When I see this kind of a reaction, my first thought is, "Did this kid get amoxicillin or an oral antibiotic, and is this a type of a reaction?" Therefore, it is very important to look at some characteristic features. The coryza, the barking cough, the conjunctivitis, and the periorbital edema are clues that this is measles. Another characteristic finding of both measles and rubella (German measles) is that the rash typically starts on the face and spreads from the top down in a head-to-toe distribution. You might get a history that the rash started around the eyes and face and spread to involve the torso and extremities.

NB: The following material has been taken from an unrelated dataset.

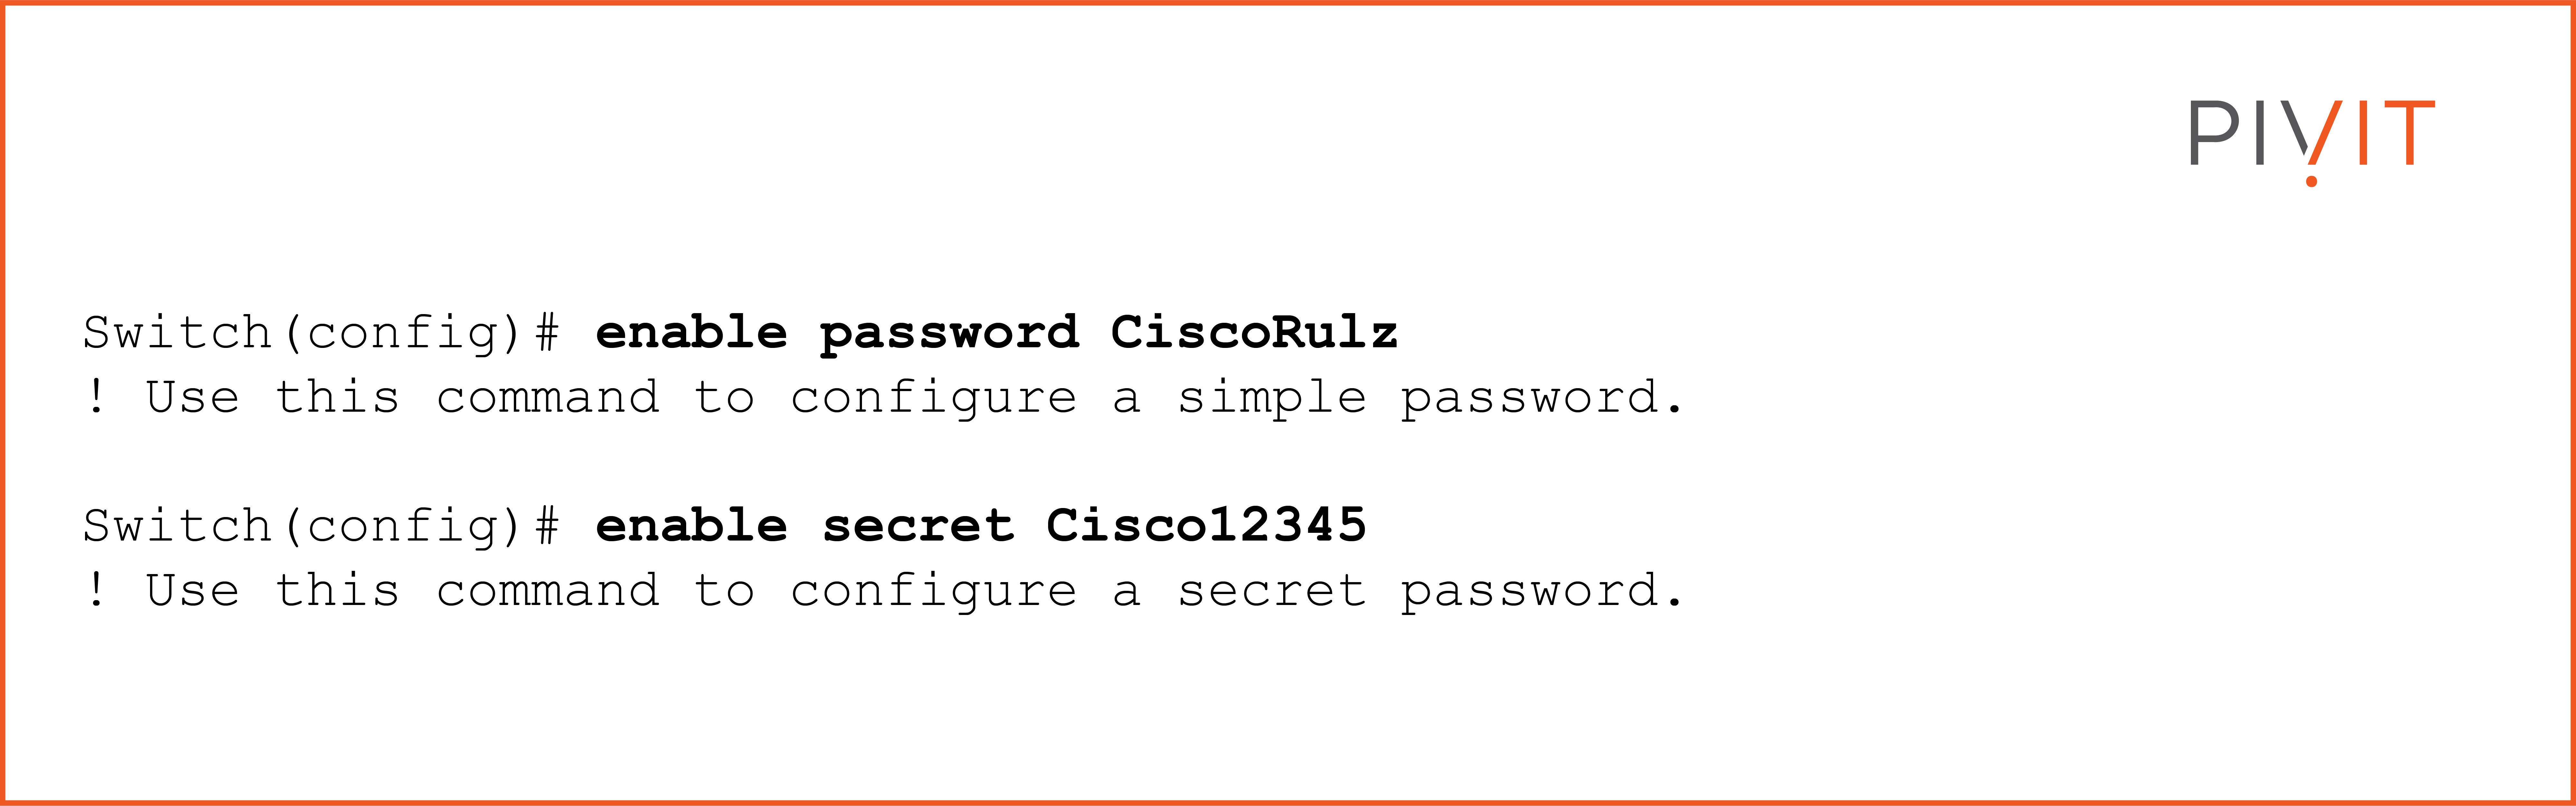 Commands to configure simple and secret passwords on a Cisco IOS device

It's almost like a curtain dropping.
Both of these conditions have characteristic enanthems (oral findings), which are important to look at when you are debating whether this could be a condition that would be reportable. It is certainly very relevant in terms of reporting it to your local health department. With measles, you may see Koplik spots (Figure 3).
Koplik spots are tiny, bluish macules on the buccal mucosa that are located anterior to the premolars. These are very apparent and are a very early sign of measles. They often present before the actual exanthem and linger, so they are quite specific. If you see these, you can be pretty confident that measles is your diagnosis.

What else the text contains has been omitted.